16.11.06

"O despotismo, portanto, ...


... parece-me ser particularmente de temer em tempos de democracia."
(Alexis de Tocqueville).

A pergunta é a mesma, o referendo é que é já o segundo. E se o "Não" ganhar - como já ganhou uma vez -, o mais provável é que outros referendos se sigam até que ganhe, finalmente, o "Sim".

O referendo ao aborto é, provavelmente, uma das mais insidiosas manifestações do despotismo da multidão sobre a individualidade humana que Portugal conheceu desde que vive em democracia. ###

A vitória do "Sim" - e ela acabará por ocorrer, nem que seja ao cabo de muitos referendos - desencadeará um processo de consequências em parte imprevisíveis em que a vida de um ser humano, qualquer ser humano, que é o seu bem mais precioso, passará a estar dependente das deliberações pretensamente racionais da multidão e dos seus representantes democráticos - os governantes, os juizes e os membros do parlamento.

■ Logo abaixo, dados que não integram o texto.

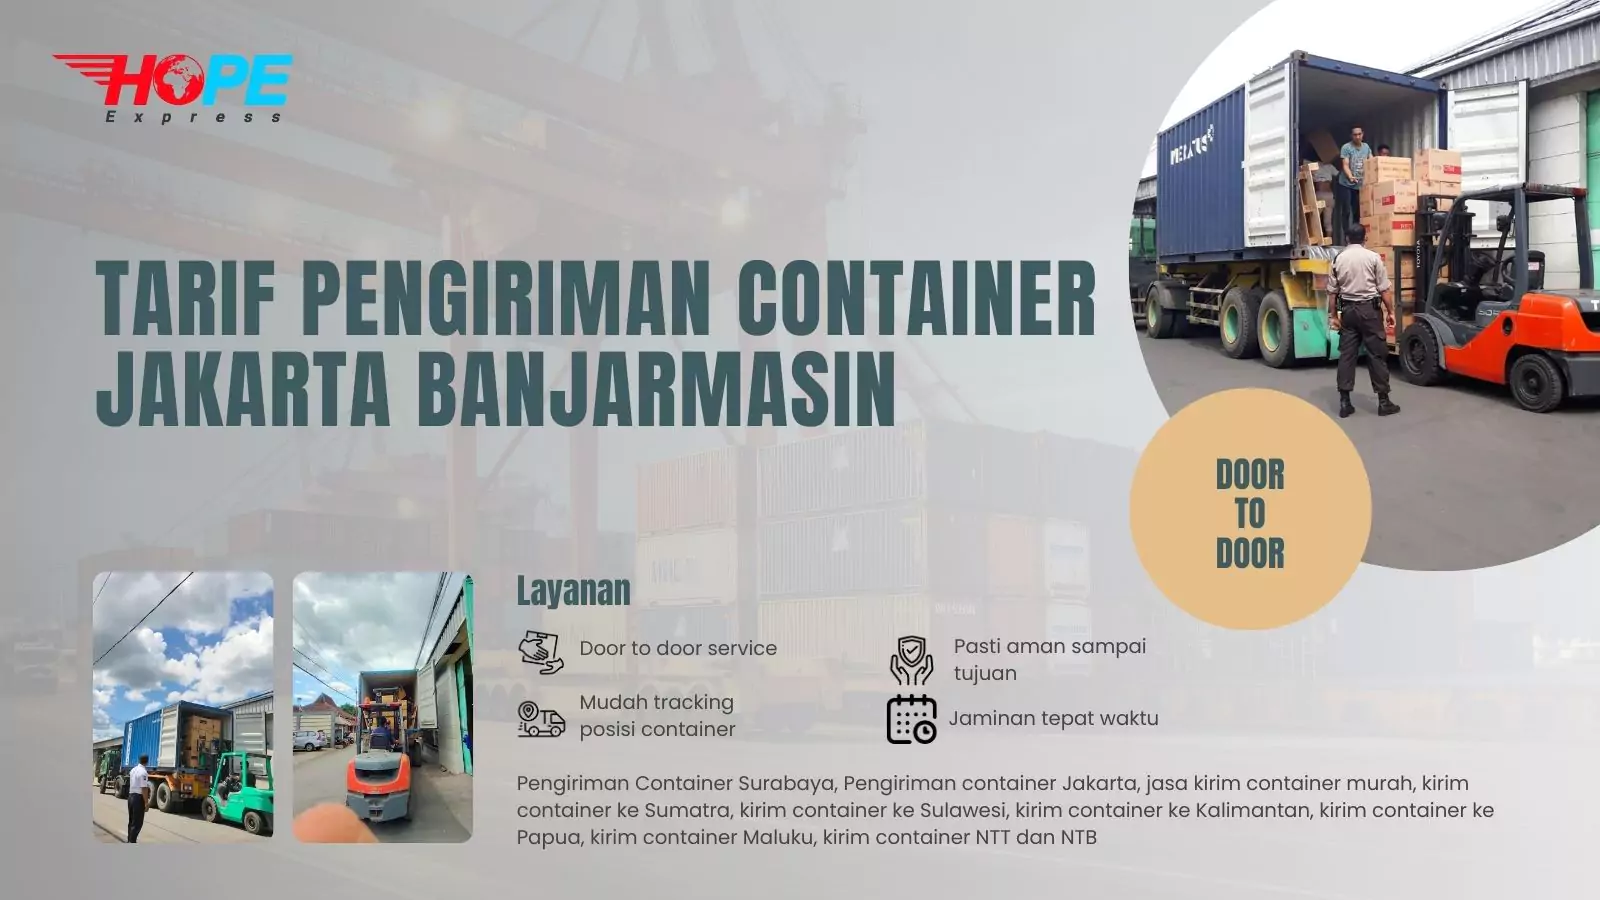 Tarif Pengiriman Container Jakarta Banjarmasin

Eu não estou, por isso, surpreendido, que os principais entusiastas do referendo e do "Sim" provenham daquelas correntes políticas que, desde sempre, ambicionaram controlar a vida humana . Eles utilizam os argumentos da liberdade da mulher e do direito dela a dispor do seu corpo para legitimarem a sua posição.

Mas não nos devemos deixar iludir. O referendo, e a resposta afirmativa a ele, passam para as mãos da multidão a definição exacta do momento a partir do qual existe vida humana e antes do qual não existe vida humana.

E se, inicialmente, a definição desse momento é, de algum modo, restritiva - dez semanas de gestação - não é senão de esperar que, com o decorrer do tempo, esse limite seja alargado, primeiro para doze semanas, depois para quinze, até chegar a nove meses.

E, tendo chegado aqui, não existe razão para parar, porque a questão seguinte, ainda ela eminentemente racional, será a de perguntar se certas vidas humanas (v.g., deficientes) valem a pena ser vividas. E a resposta, - também ela racional, embora relevando não da racionalidade do próprio, mas da racionalidade da multidão ou dos seus reprentantes democráticos - será, em muitos casos, não.

Quem delibera sobre o momento em que começa a vida humana acabará também a deliberar sobre o momento em que ela termina. E num mundo em que a tecnologia permite diferir a morte de forma nunca antes imaginada e alargar as fronteiras da vida, nós não podemos senão antever quem um dia vai deliberar sobre o dia em que a nossa acabou.